[Task]
Restate every line below word for word, but drop each picture.

[The data]
╔══

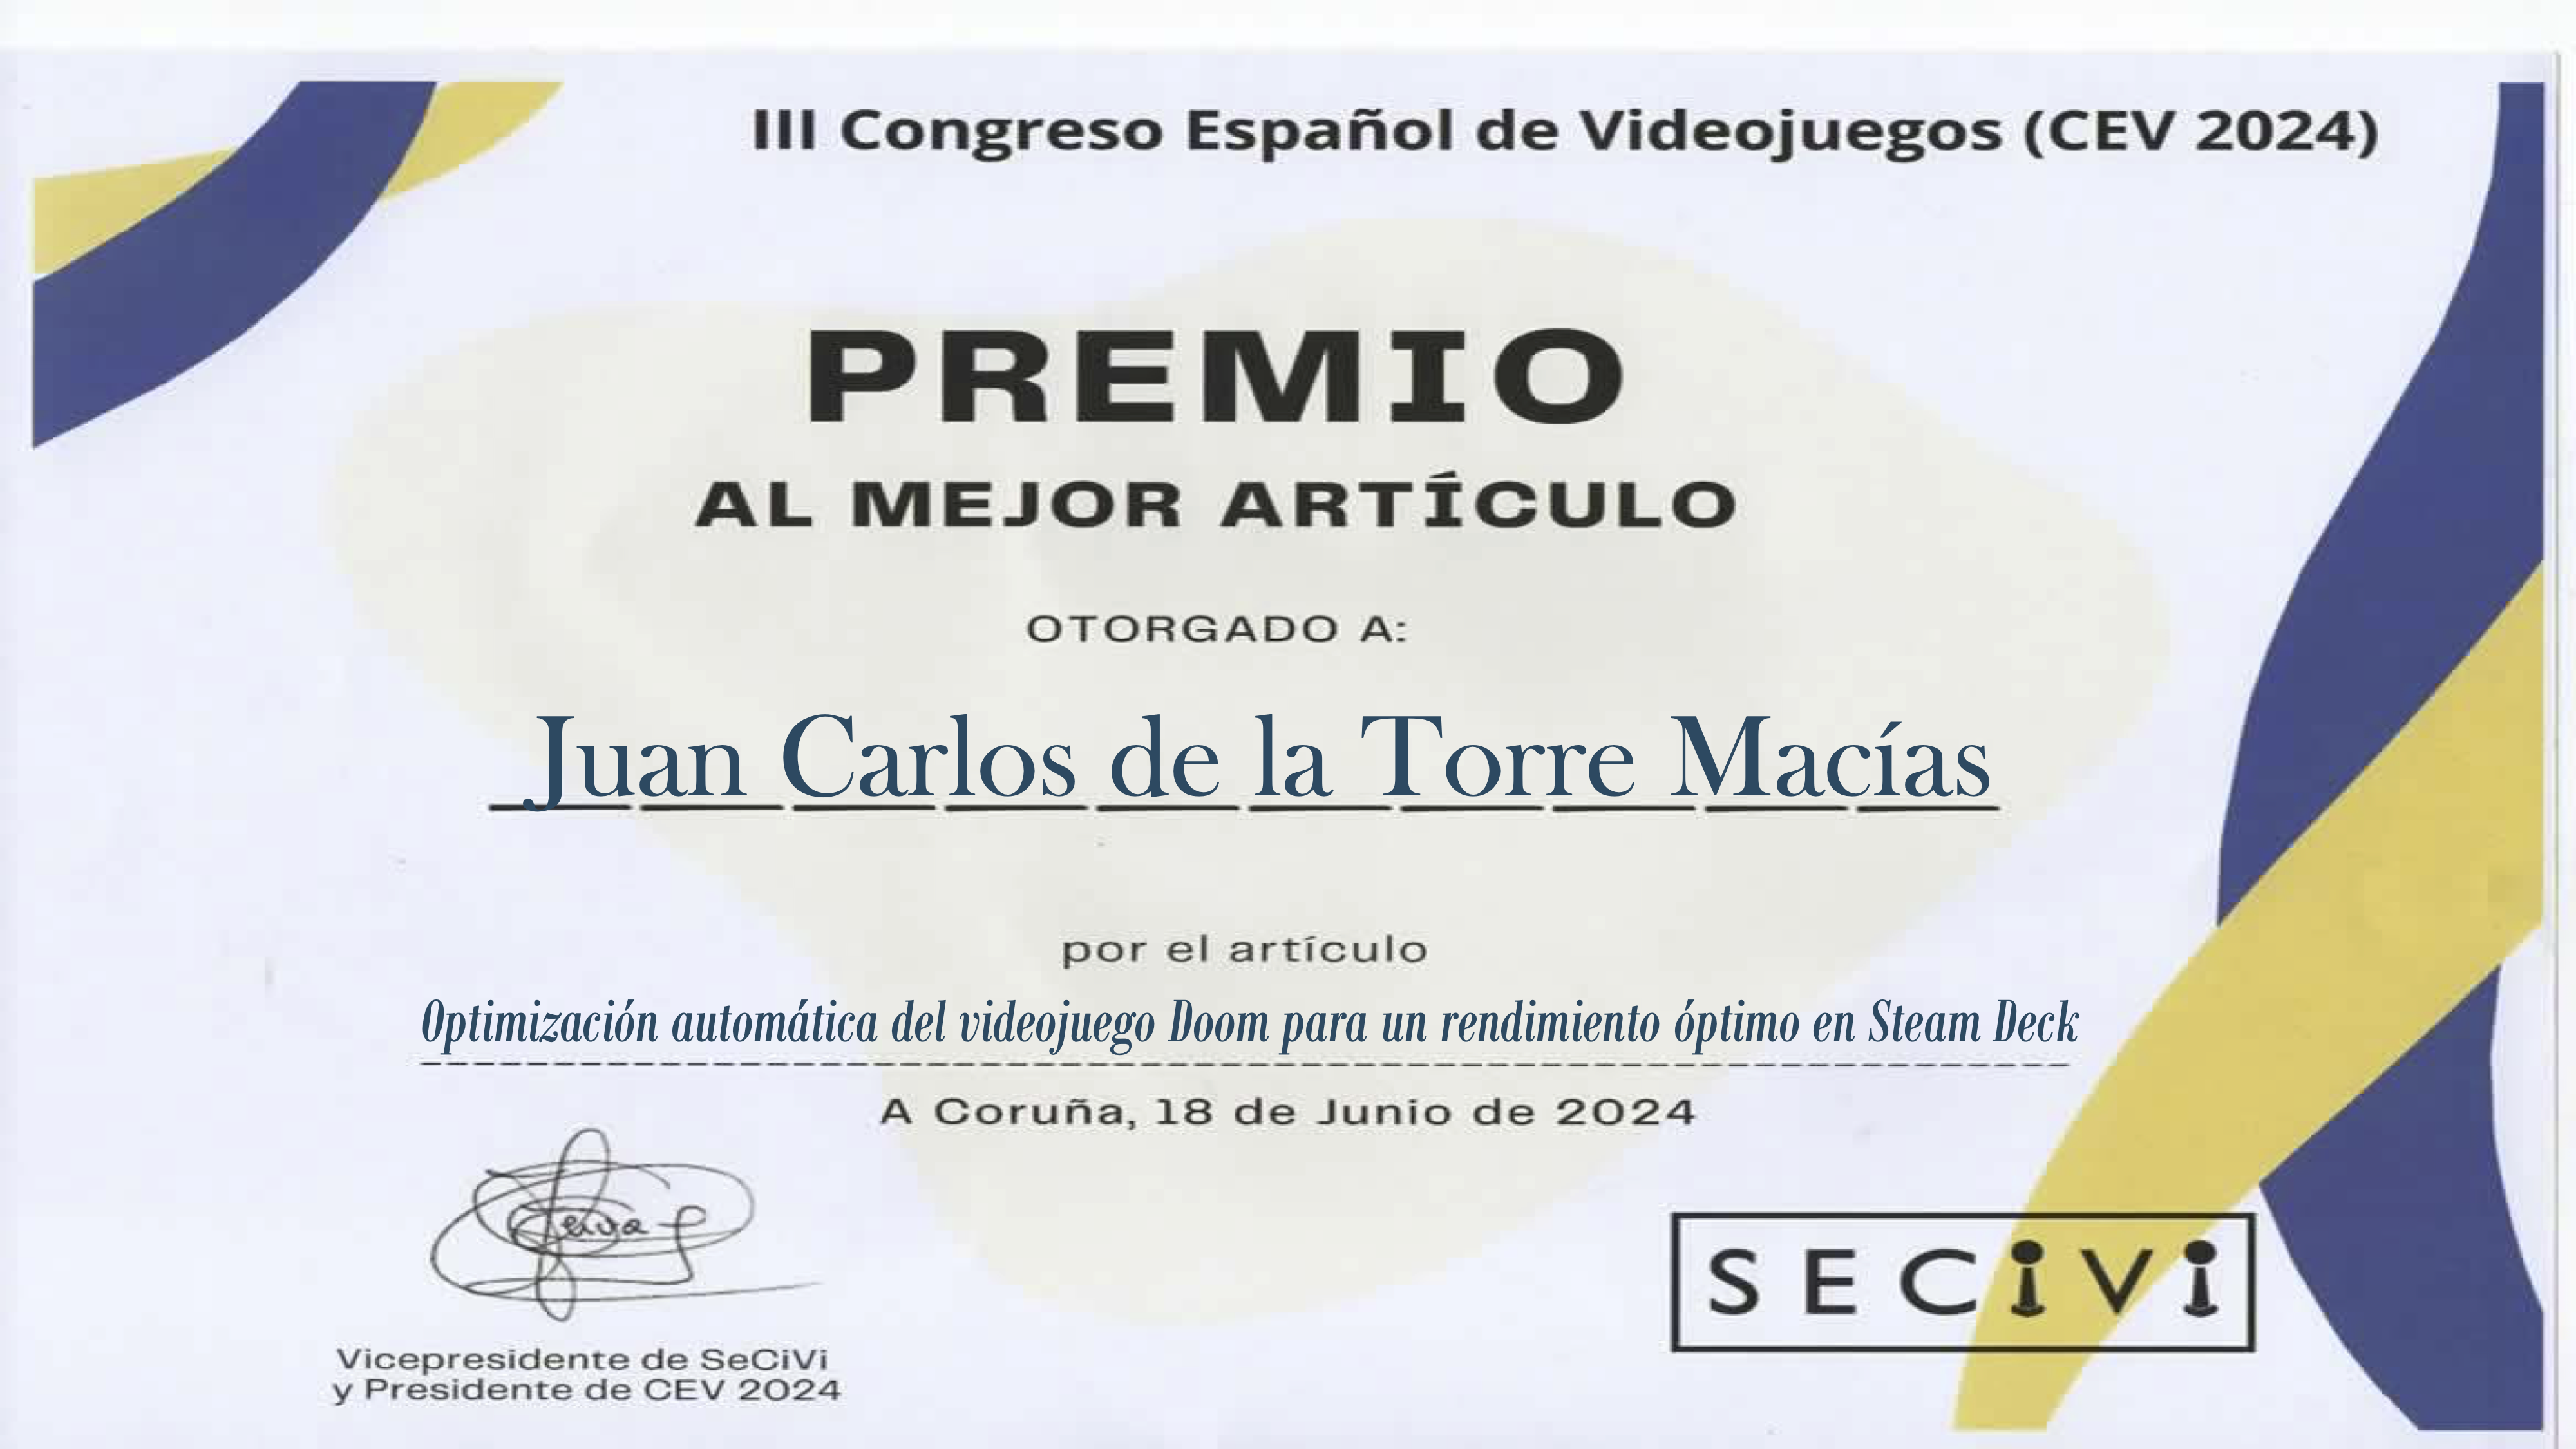 Best Paper Award in Conferencia Española de Videojuegos (CEV 2024)
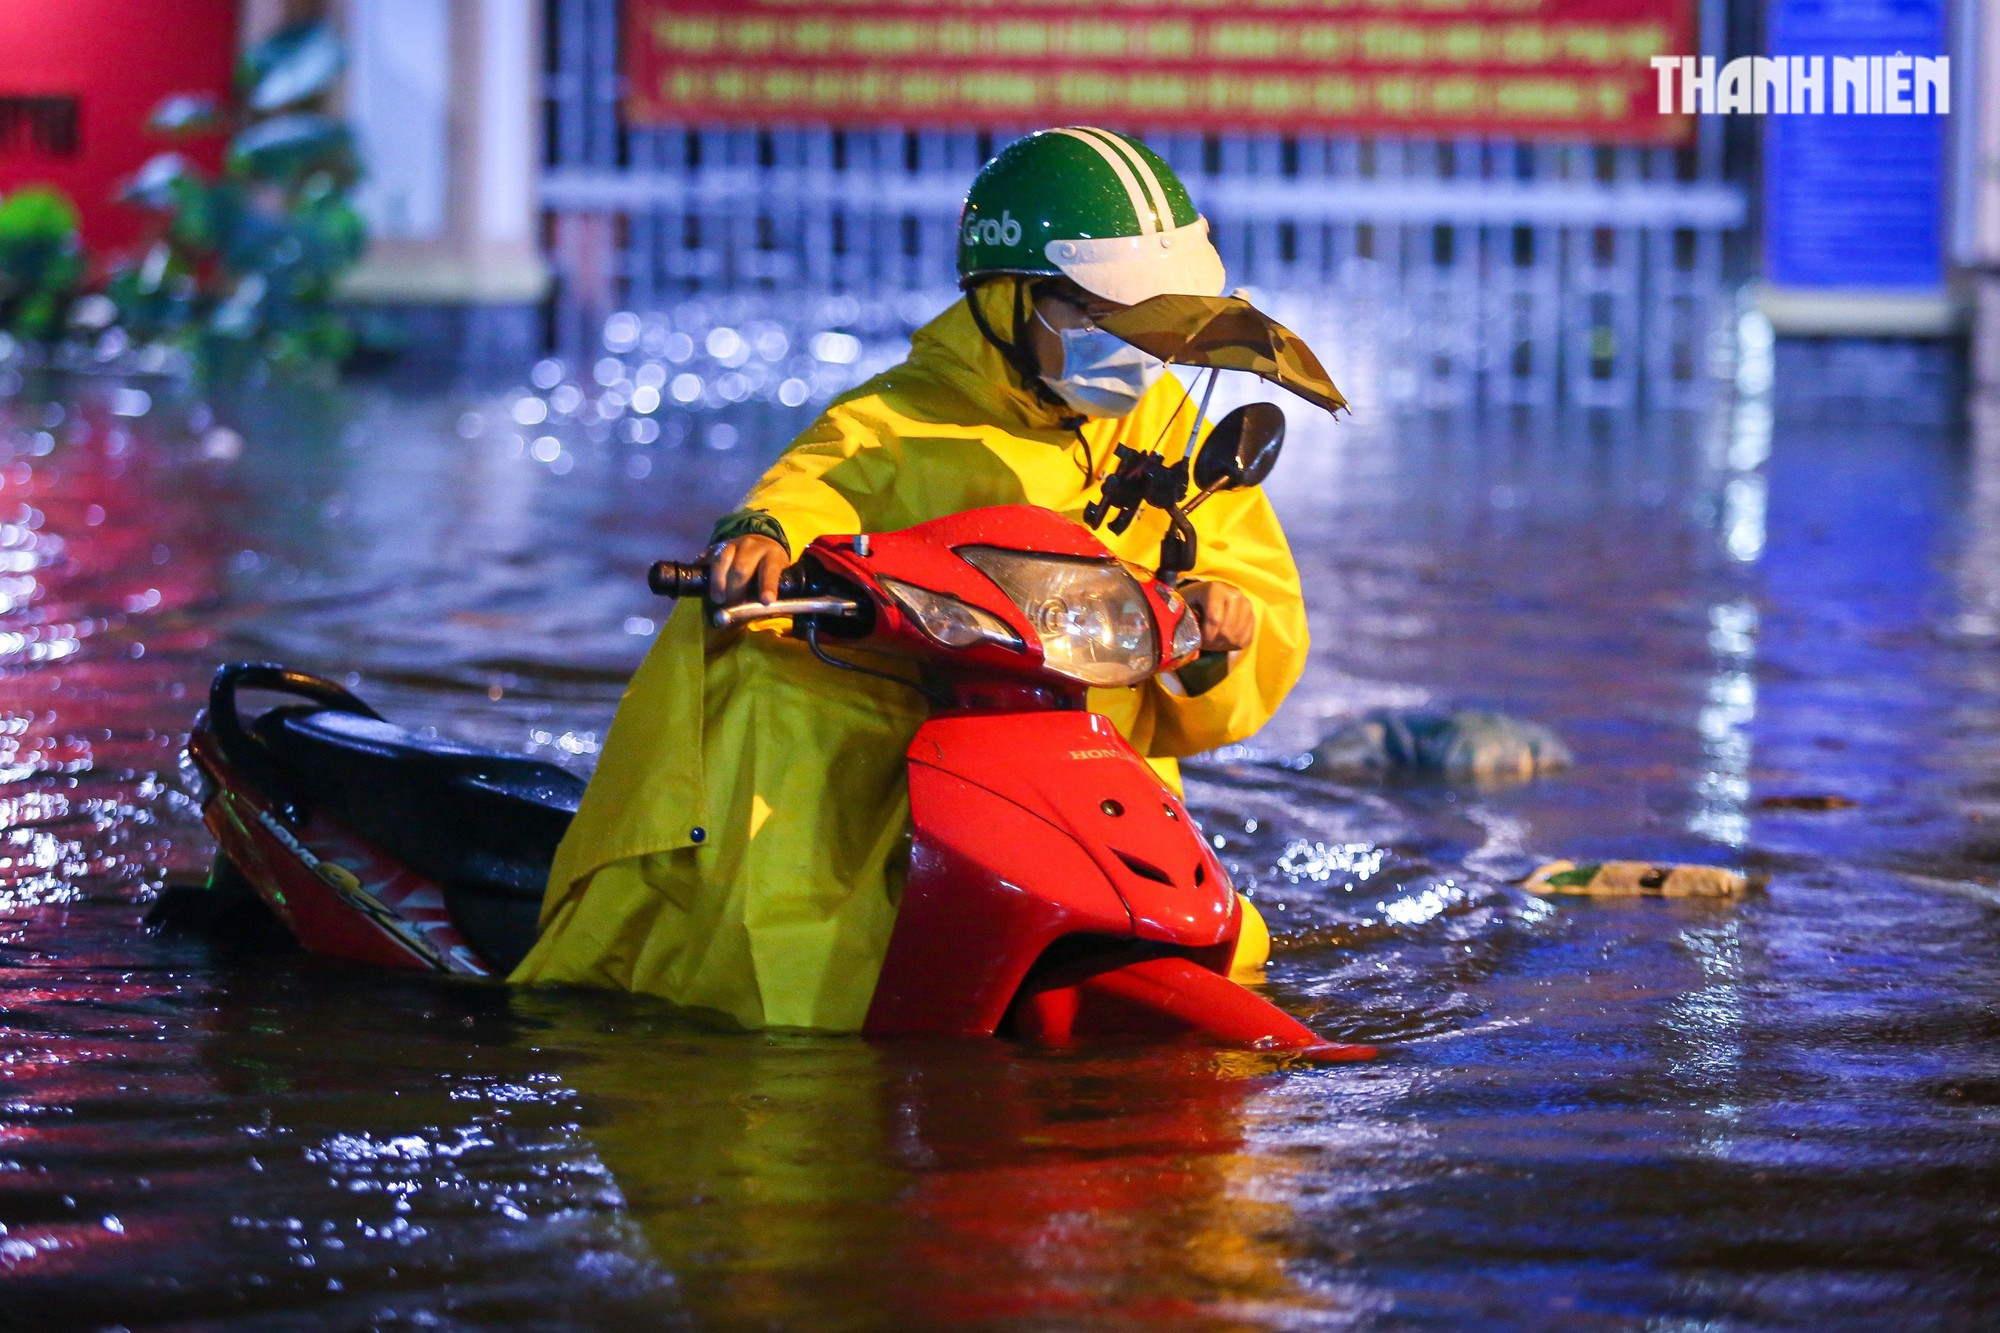 TP.HCM mưa lớn tối nay: Nước dâng tới yên, có người 'cõng xe' qua đoạn ngập - Ảnh 1.
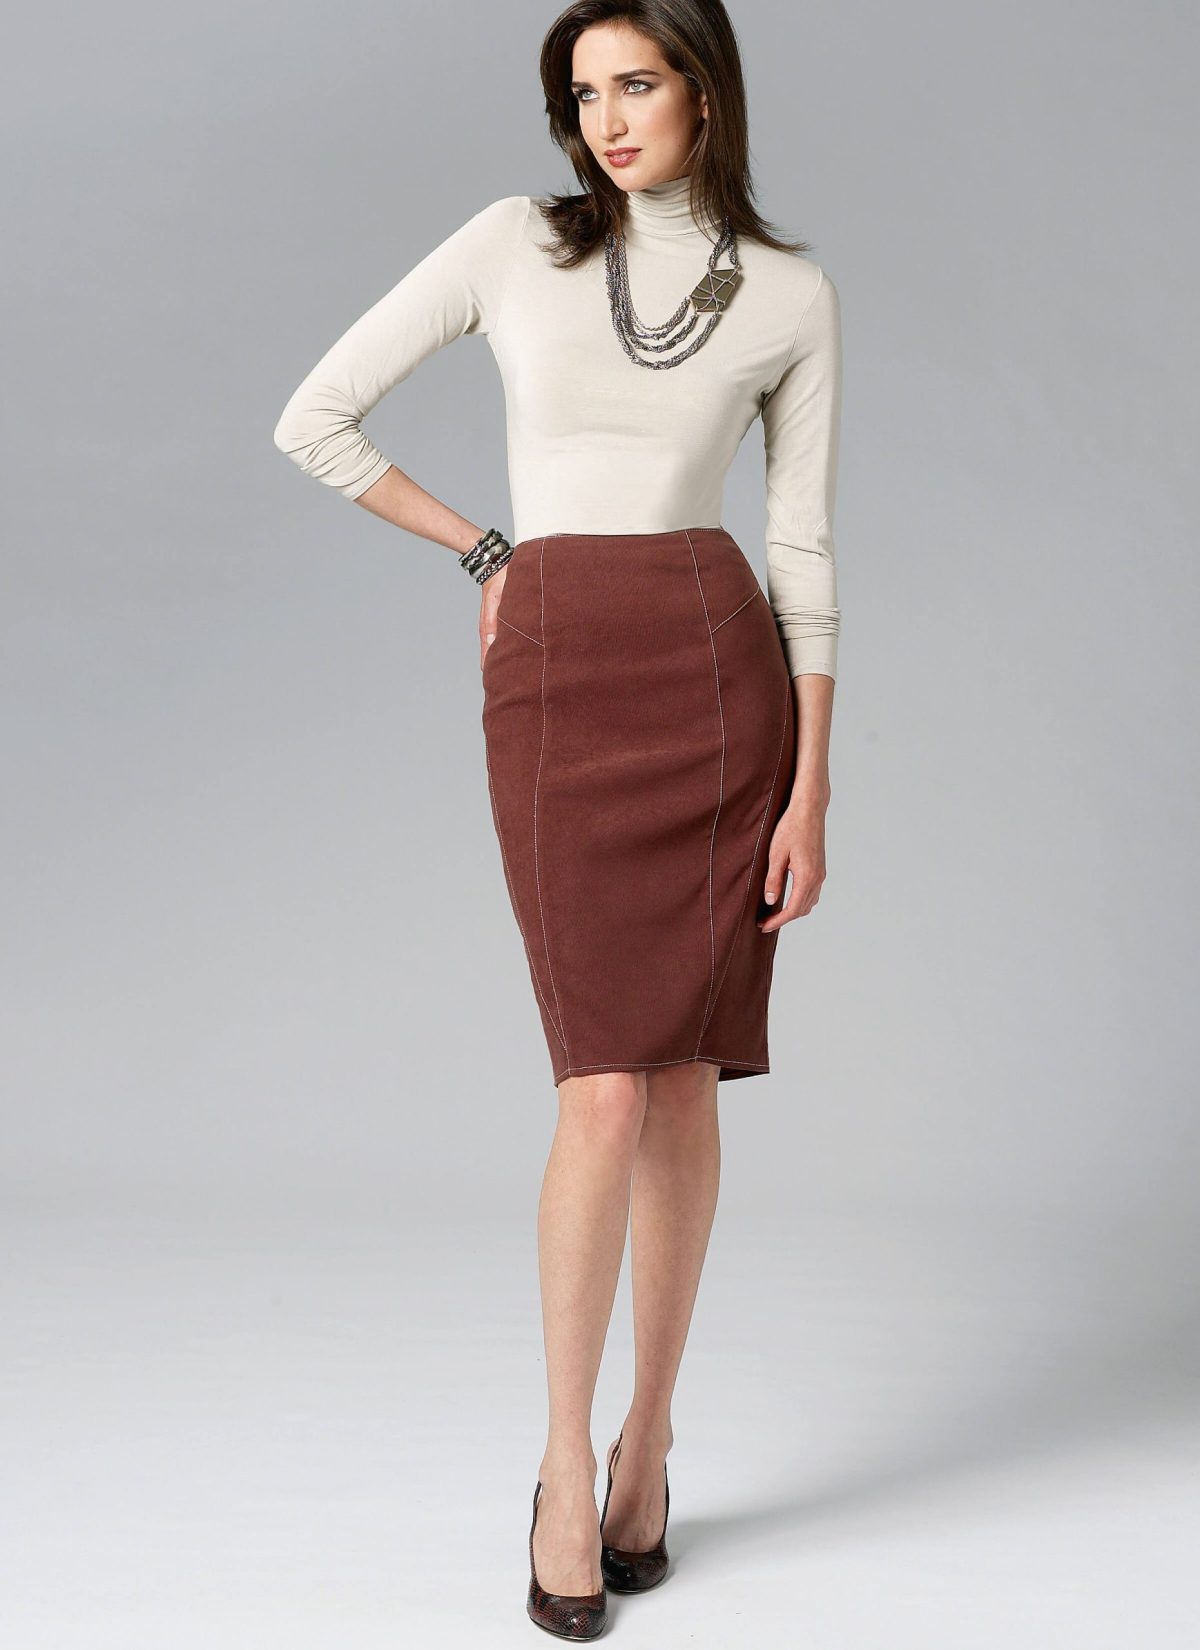 Vogue Patterns V8750 Misses’ Skirt - Sewdirect

╚══

[Final answer]
 Best Paper Award in Conferencia Española de Videojuegos (CEV 2024)
 TP.HCM mưa lớn tối nay: Nước dâng tới yên, có người 'cõng xe' qua đoạn ngập - Ảnh 1.
 Vogue Patterns V8750 Misses’ Skirt - Sewdirect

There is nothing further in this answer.